WOMEN COMPOSERS 365 DAYS A YEAR

26 FEBRUARY 2019

Tuesday, 26 February 2019


MARIA BACH - AUSTRIA   
DIED 26 FEBRUARY

Maria Bach was born in Vienna, Austria, on March 11, 1896. Her parents were Robert Bonaventura Michael Wenzel von Bach and Eleonore Josepha Maria Theresia Auguste Bach. In 1897, she moved with her family to the castle, Leesdorf, in Baden, Austria. Bach's father, Robert, was an attorney, painter, and violinist. Her mother, Elenore, was both a singer and composer who has performed under the conductors Gustav Mahler and Johannes Brahms. 

Maria Bach began studying composition at the Vienna Academy of Music with Joseph Marx in 1919. Under the tutelage of Marx, Bach wrote four-part fugues, brief piano scores, and analysed the music of Chopin, Debussy, and Stravinsky. Marx would later help Bach develop her own personal style of composing.  She made her debut as a composer in 1921 with Narrenlieder für Tenor und Orchester, a song cycle which was later printed by Schott in Vienna.
  
During the war, the Nazi party established music prohibitions in Austria. Due to their preference for classical music, which was considered conservative and traditional, "modern" compositions were not allowed to be performed. However, Bach's compositions were deemed both conservative and traditional among Nazi standards and were deemed acceptable to be performed.

♫ LISTEN


Silhouetten: II. 1. Satz Garufalia (Grieche) by Maria Bach








ESTHER ROFE - AUSTRALIA
DIED 26 FEBRUARY


Esther Rofe was born in Melbourne in 1904 and studied with Alberto Zelman jnr, Fritz Hart and A.E. Floyd. A talented violinist and pianist, she worked as an accompanist, and performed with small ensembles and the original Melbourne Symphony Orchestra. In the early 1930s Esther enrolled at the Royal College of Music and studied with, amongst others, Gordon Jacob, Ralph Vaughan Williams and R.O. Morris. She was there at the same time as Peggy Glanville-Hicks, Miriam Hyde, John Tallis, and later with Dulcie Holland. It was at the College that she committed herself to composition.

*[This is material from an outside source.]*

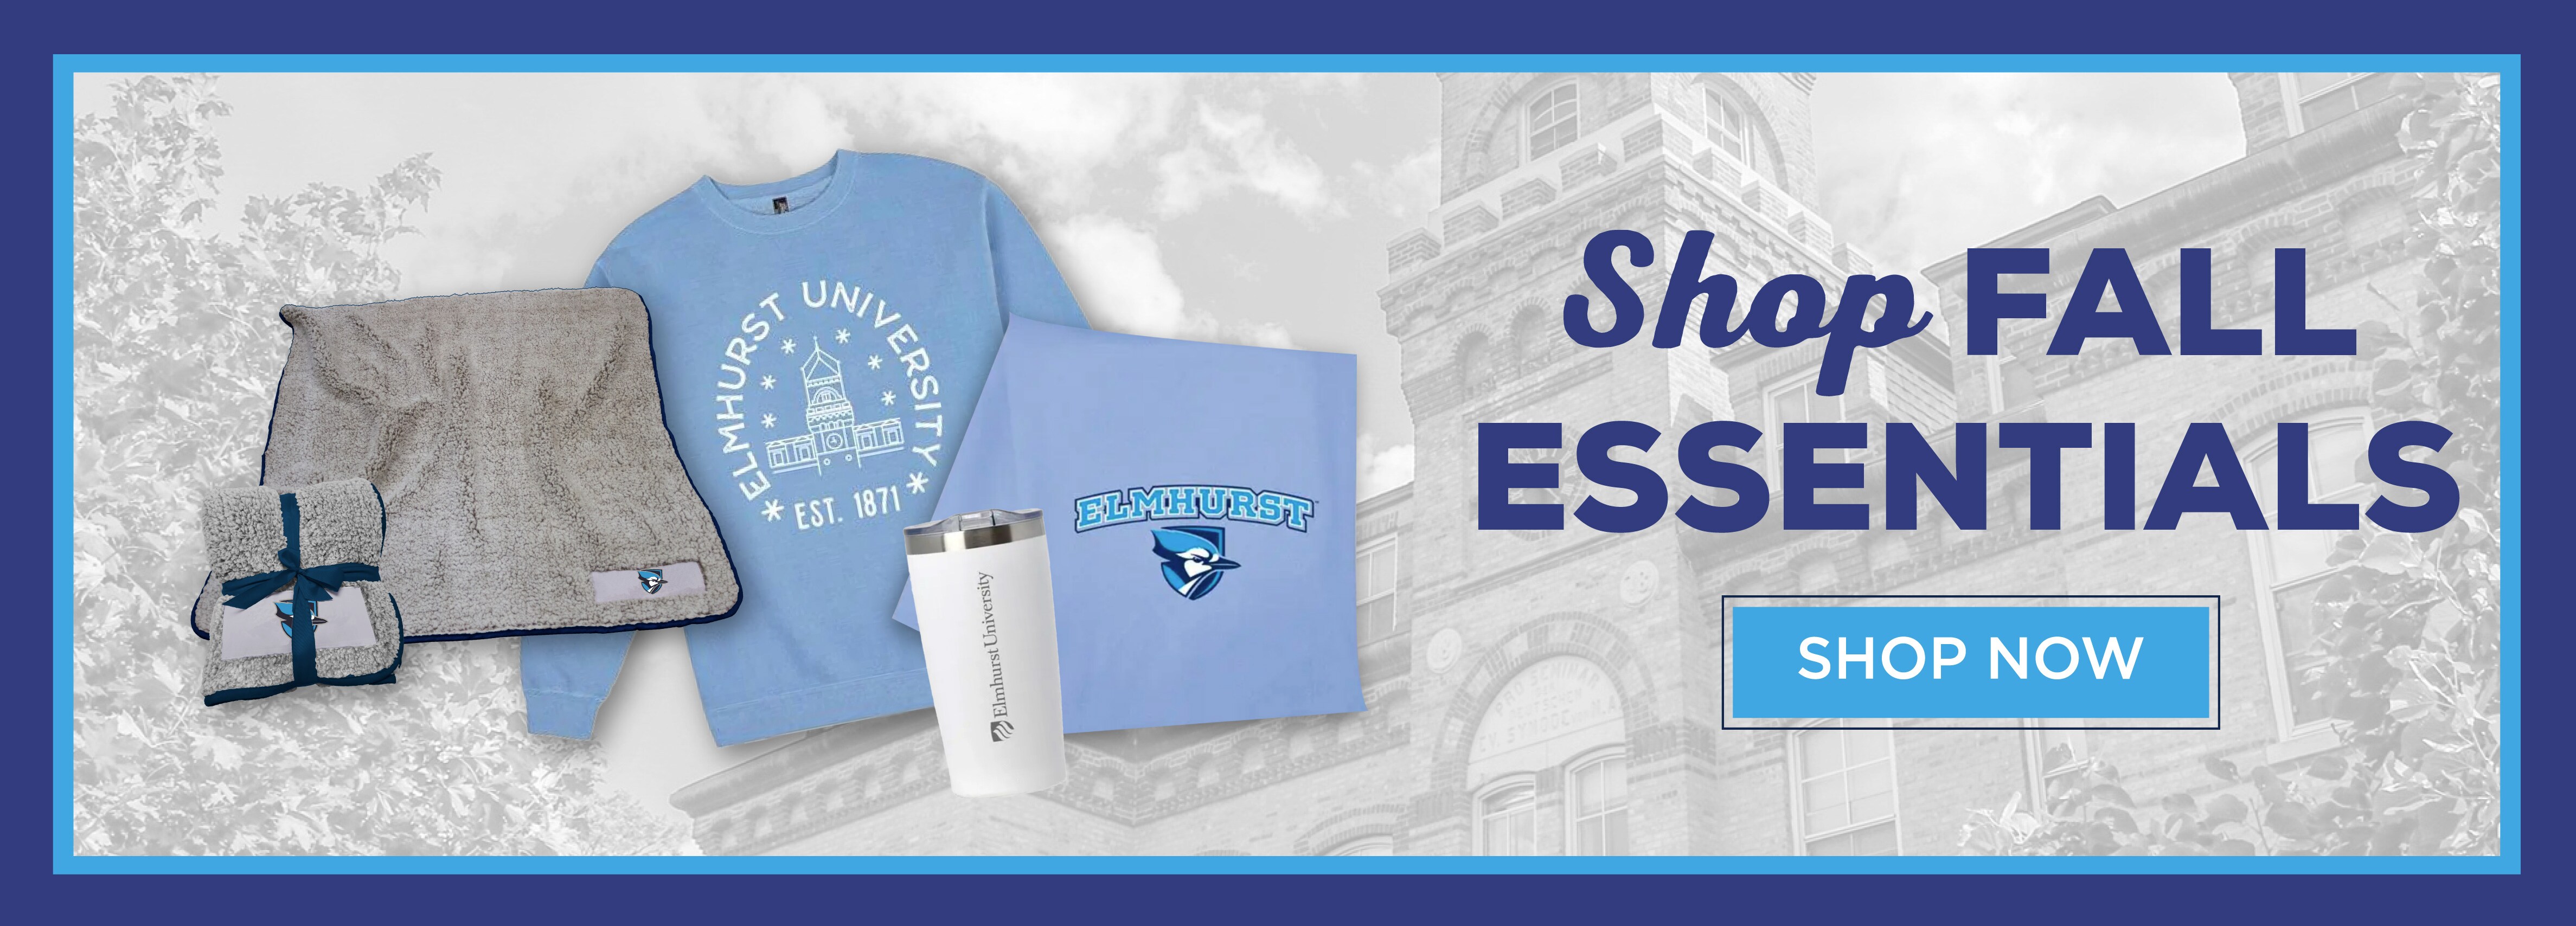 Shop Fall Essentials Shop Now. Grey plush blanket, blue crewneck, white thermos cup, and blue elmhurst blanket

During World War II Rofe worked at the Australian Broadcasting Commission (ABC), and the Colgate-Palmolive Radio Unit in Sydney where she began arranging and composing music. Rofe began composing for ballet in 1943. The Esther Rofe Songbook was published in Melbourne in December 1999.

Rofe and her sister Edith moved to Southport where Rofe lived and worked for twenty years by the sea. She never married, but fostered a child. She died in February 2000 and her ashes were scattered in Southport Bay.  The Esther Rofe Award was established in her honor at the University of Melbourne in Australia.